After his death, my parents and I left the New Brunswick area for a while. We travelled and got out of the area to allow our heads to cool. I got to see wondrous things for a pre-teen, but the only thought I had was wondering if my brother could see me from where he was…
In later years, I was gifted to have someone step up and try to fill my brother’s shoes. No one ever could, but Guillaume would be the only one who could ever come close. He approached and became my adoptive brother.
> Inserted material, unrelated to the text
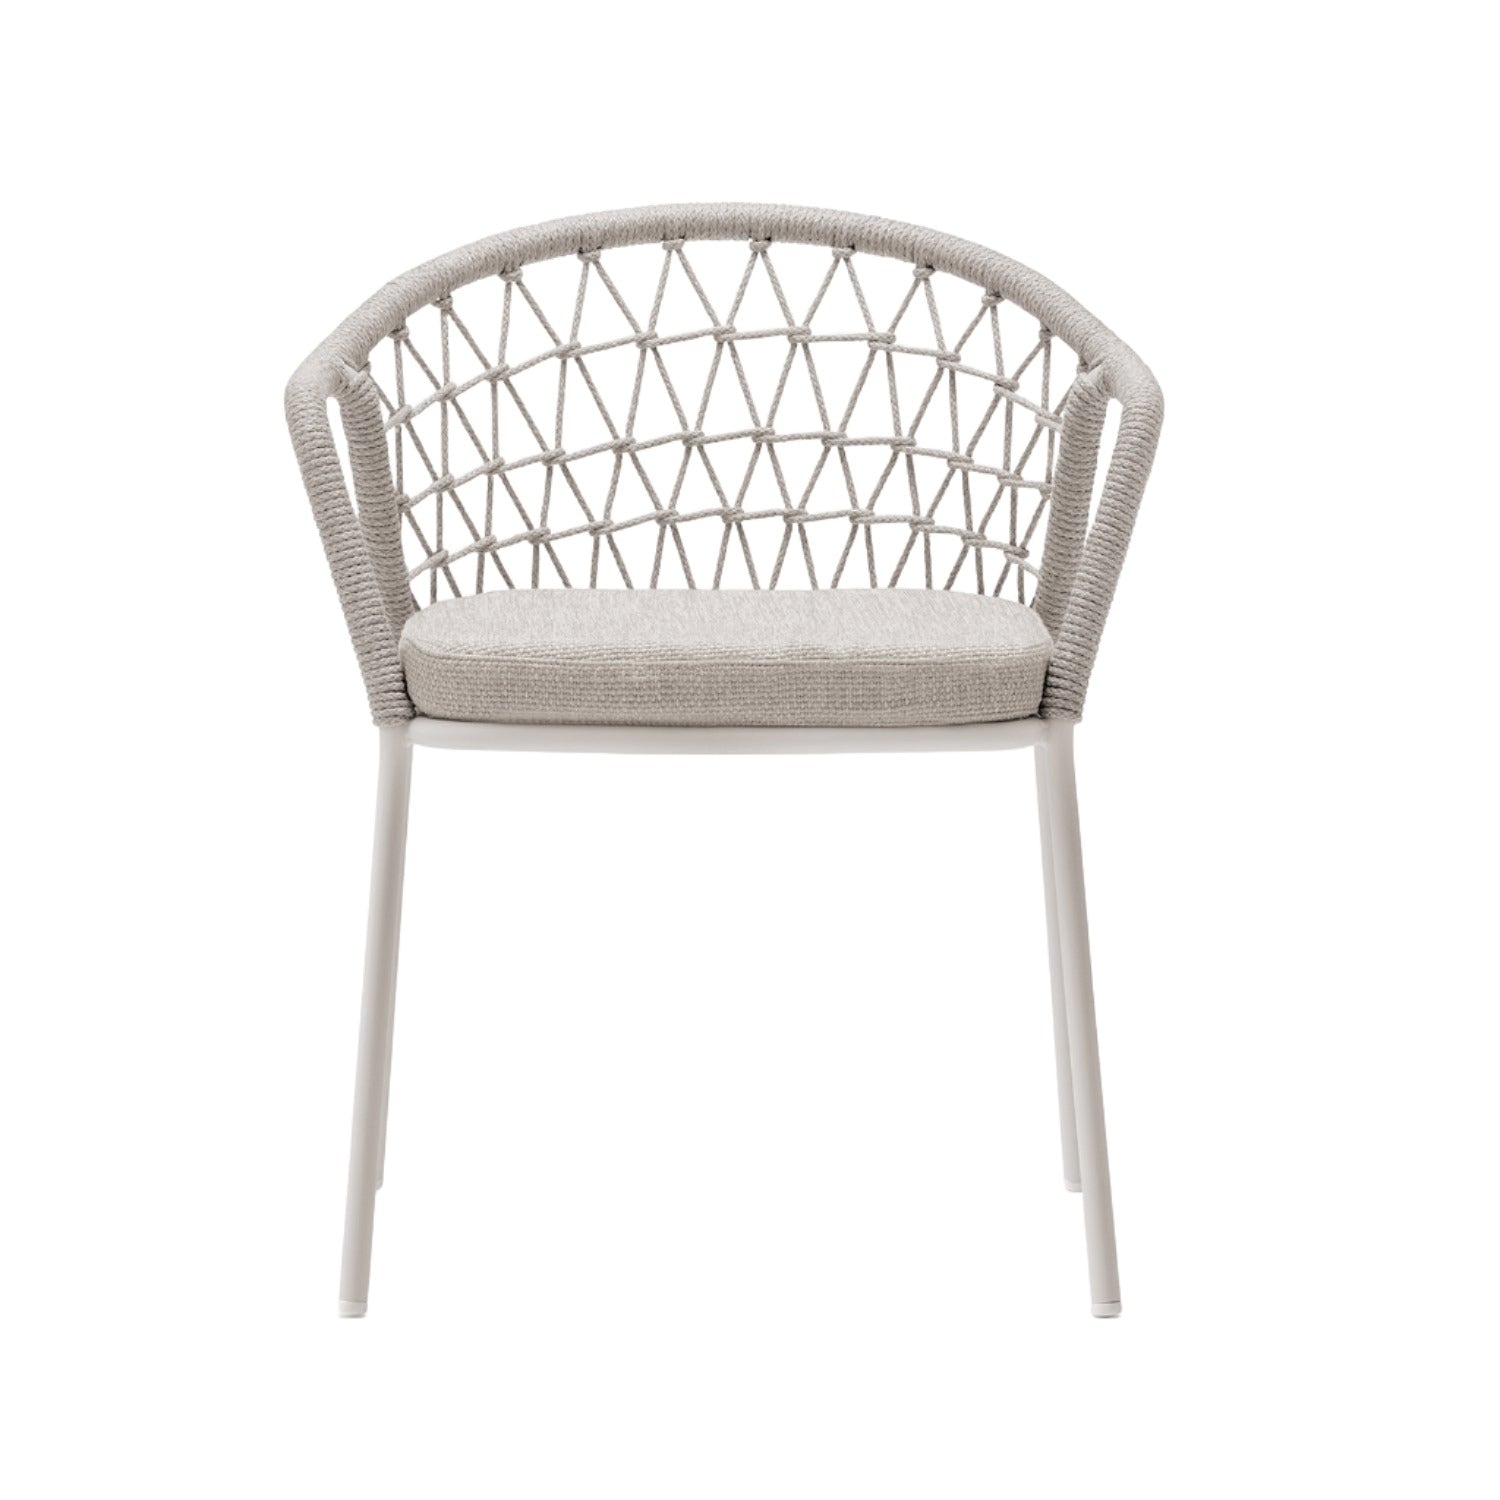 Pedrali Panarea 3675 Outdoor Dining Chair in white

He would go on to teach me to play guitar, enjoy life, and would follow me on so many adventures that filed some of the gaps that were left by my brother’s passing. I don’t think Guillaume himself even knows the amount of influence he has had on my life. Being the son of my karate instructor, he’s often been a shoulder to lean on in some difficulties in life.
Although I’m a day or two late, I think it’s important to acknowledge the role siblings play in our lives. That role is important in our lives and development; more so than we often understand. I can only hope that the whatever the next stage of human existence involves, that my brother is able to see what I’ve accomplished and is proud. The anniversary of his death was on April 4th. It’s always a somber day for me, but I take comfort in the fact that I carry many of his teachings and influences with me.